→ Exercise instructions
Take the records below and set down exactly the lines from the one with "Real Oviedo - Tenerife transmisja na żywo" to the one with "Miller Tartan Shoulder", ends included; do not copy the pictures.

→ Data
_ _ _

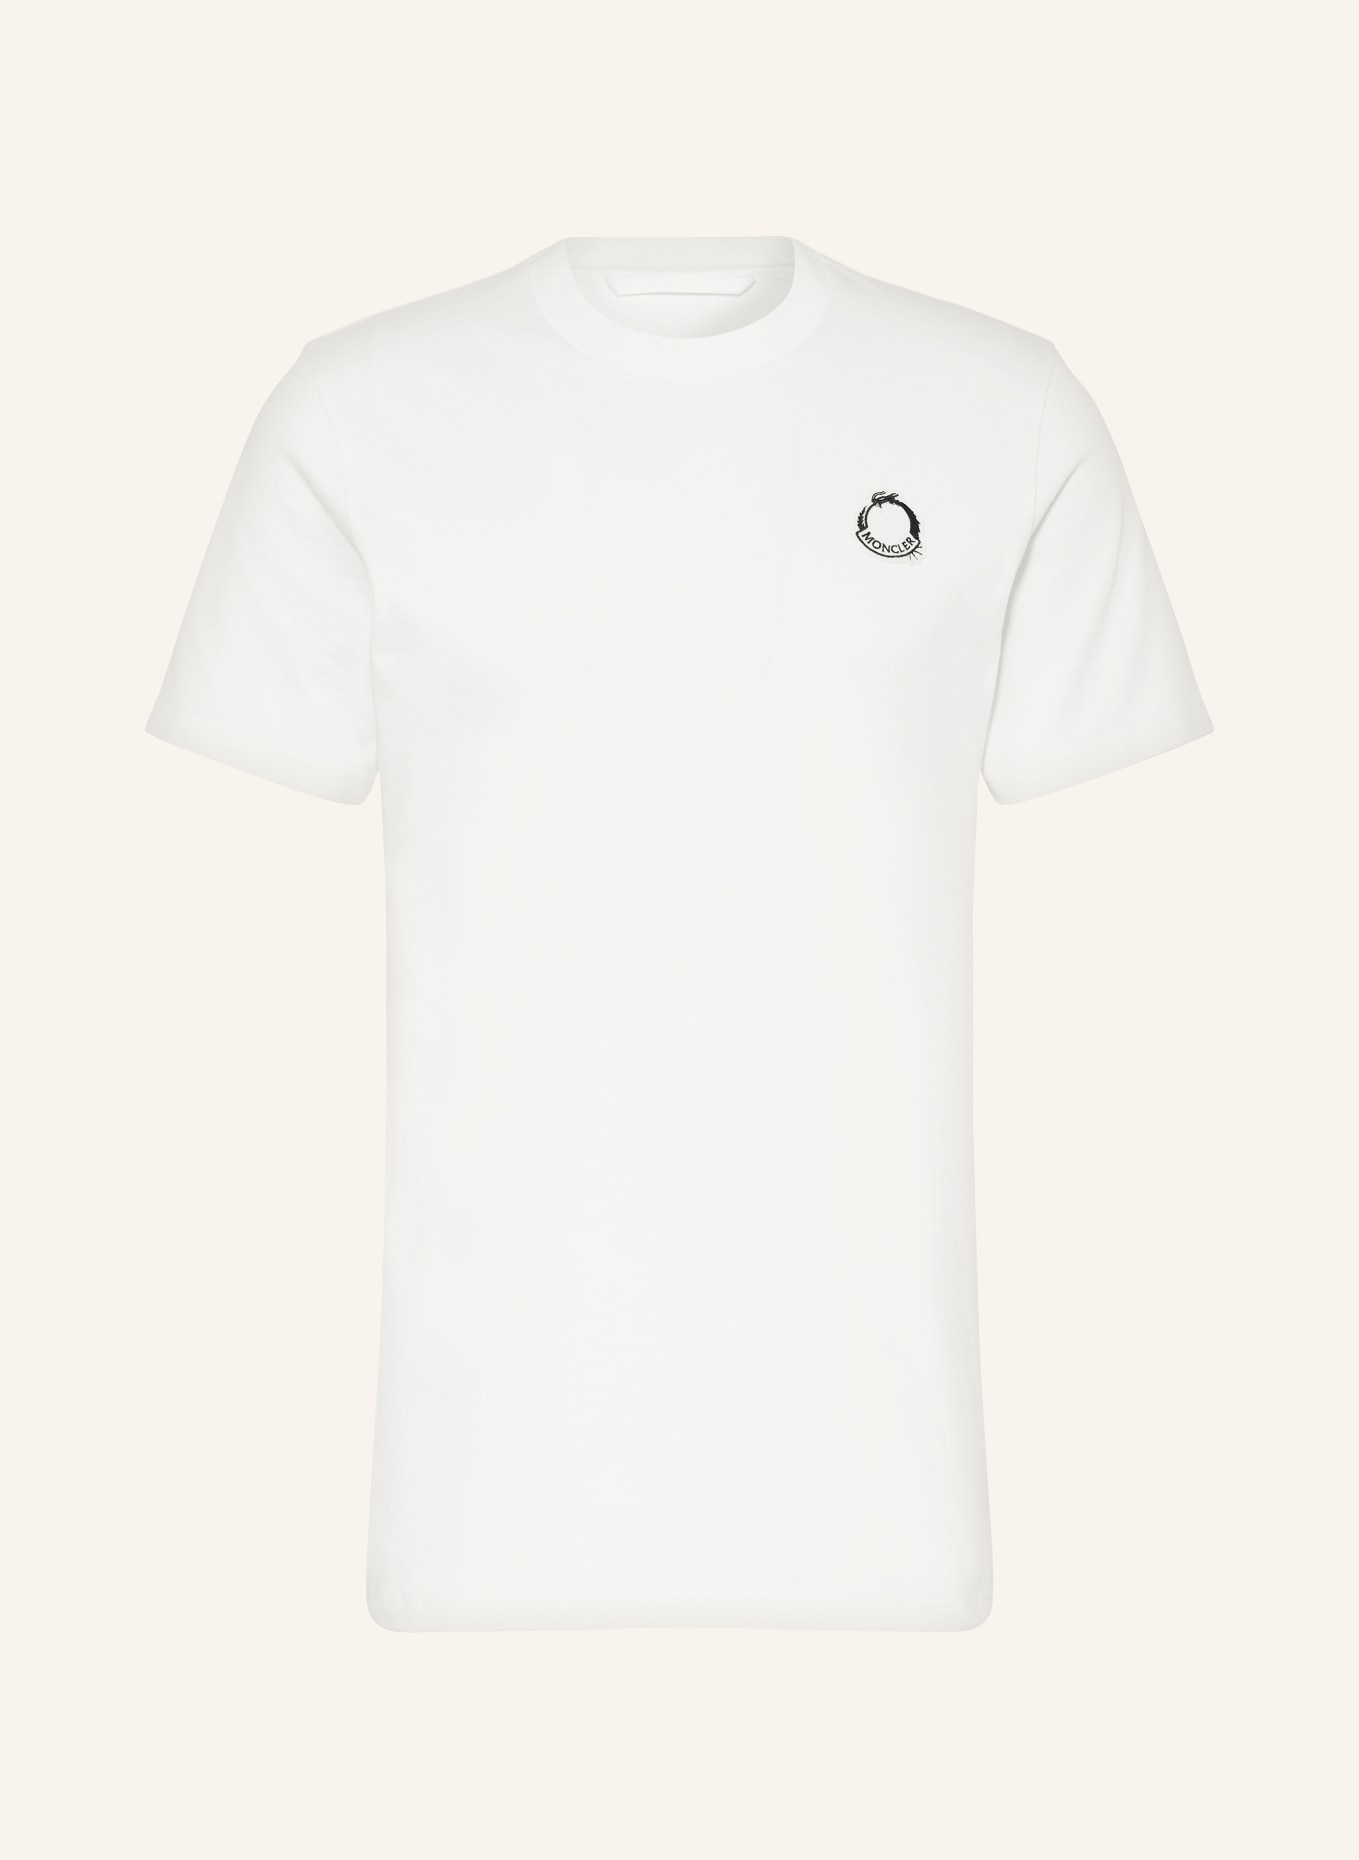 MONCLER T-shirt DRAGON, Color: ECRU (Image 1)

_ _ _

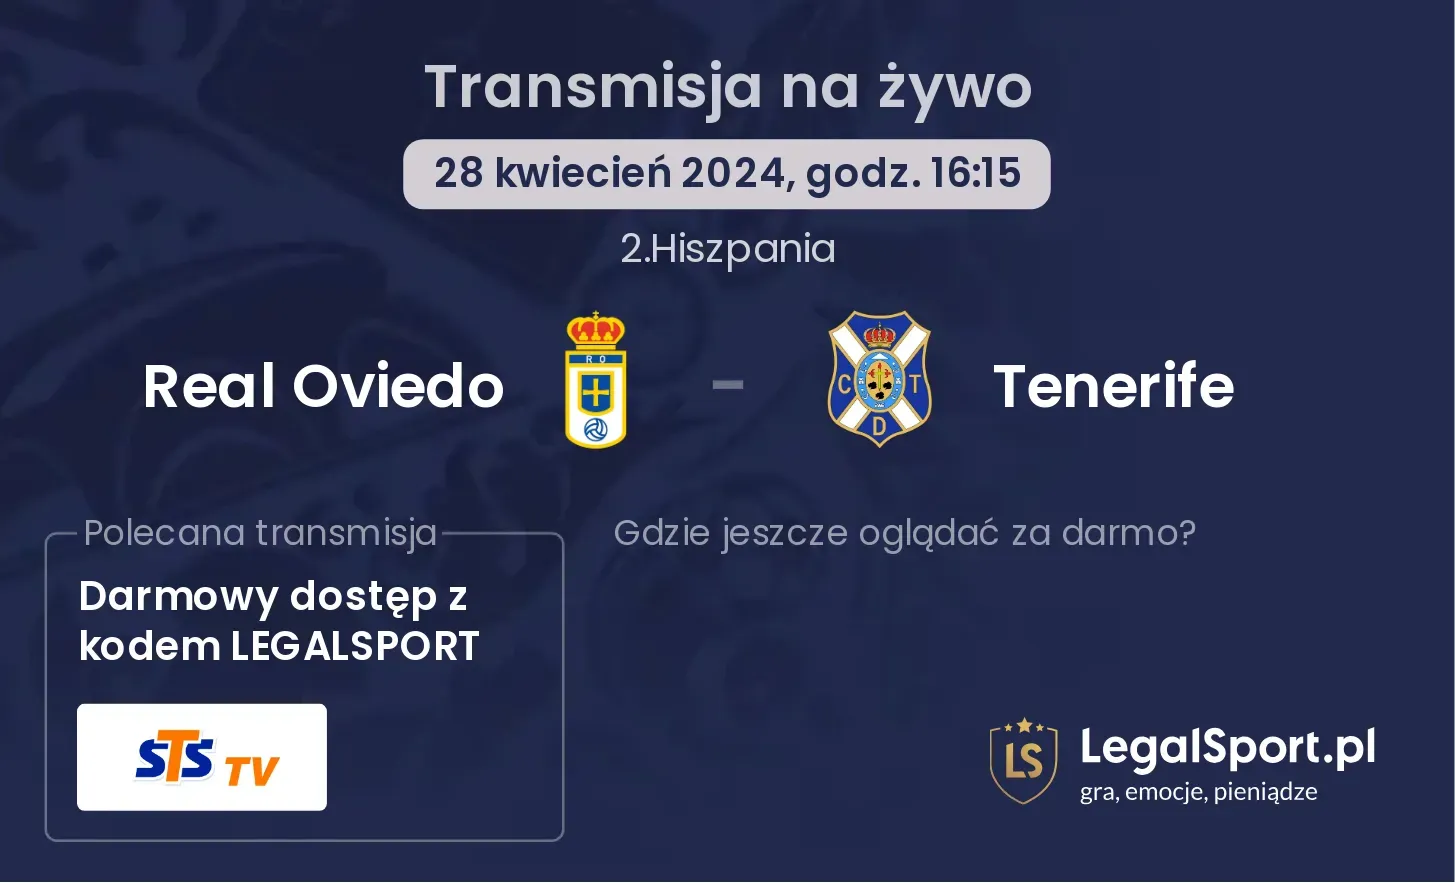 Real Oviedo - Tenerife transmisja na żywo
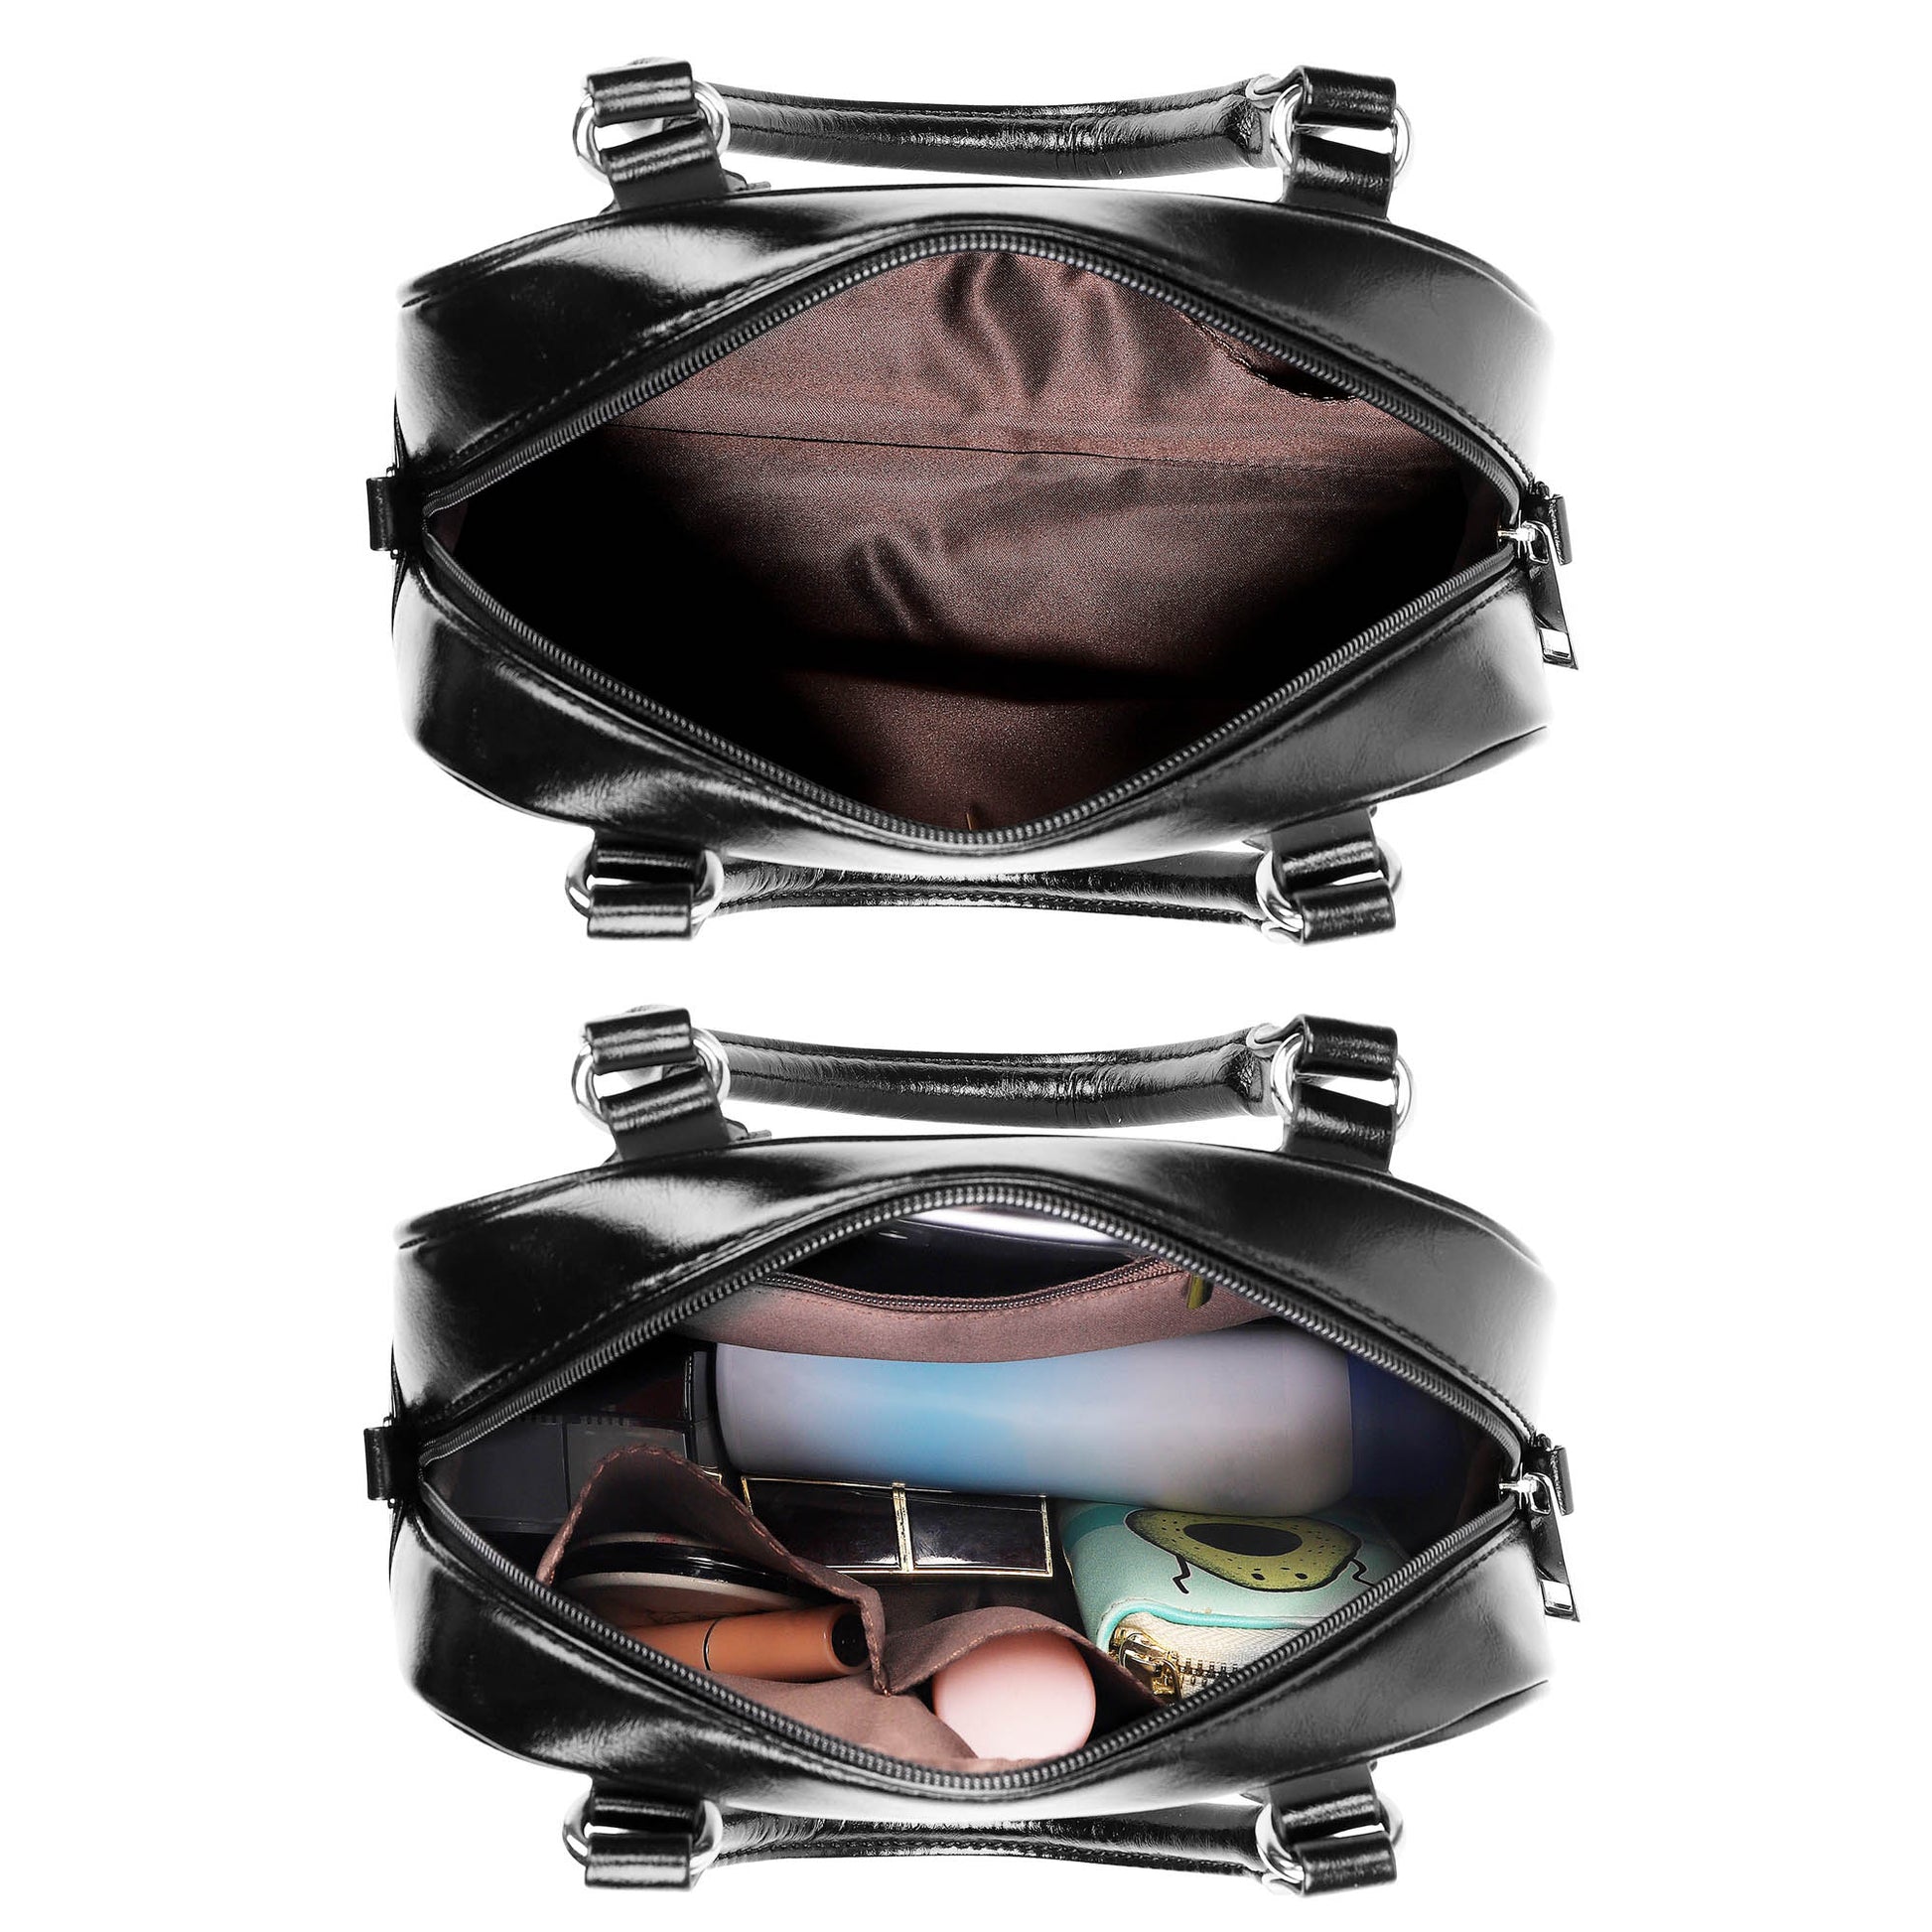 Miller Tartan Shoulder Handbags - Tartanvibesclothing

_ _ _

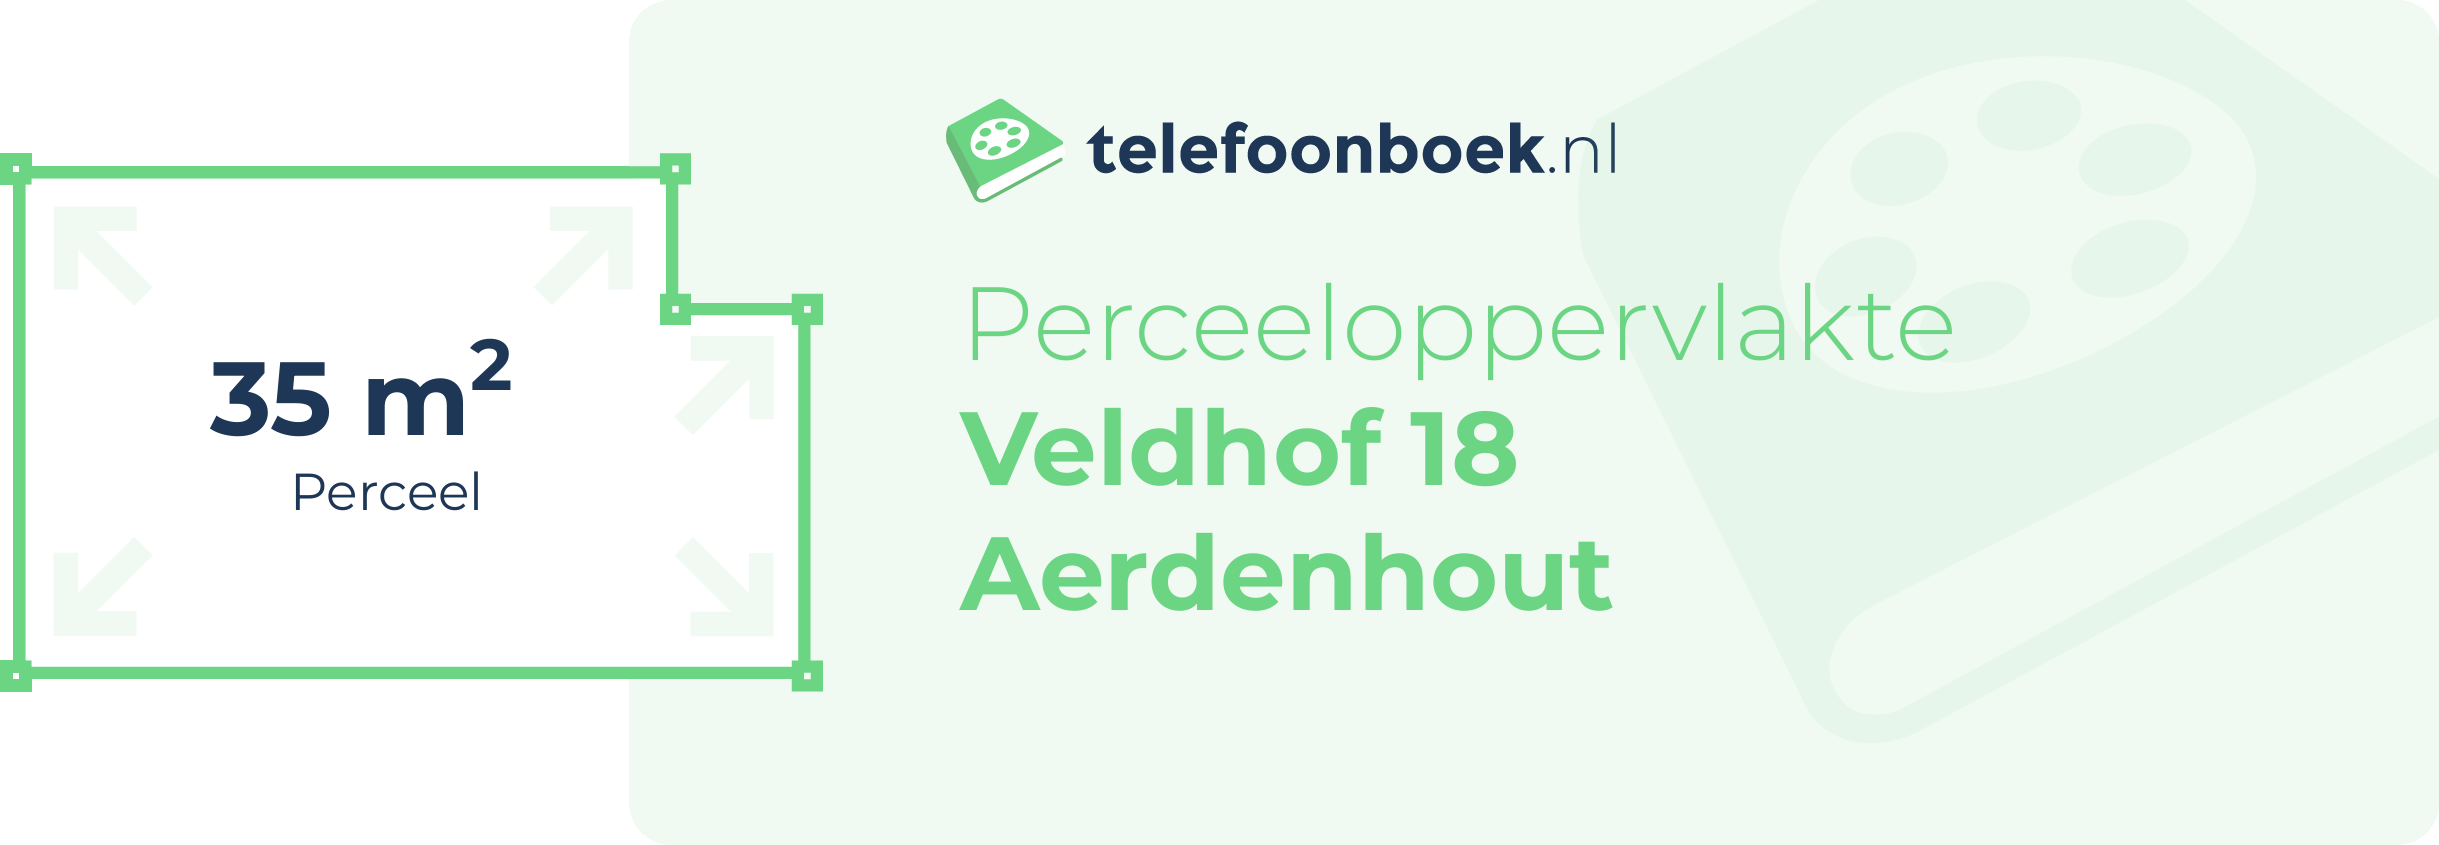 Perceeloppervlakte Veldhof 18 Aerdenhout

_ _ _

→ Expected output
 Real Oviedo - Tenerife transmisja na żywo
 Miller Tartan Shoulder Handbags - Tartanvibesclothing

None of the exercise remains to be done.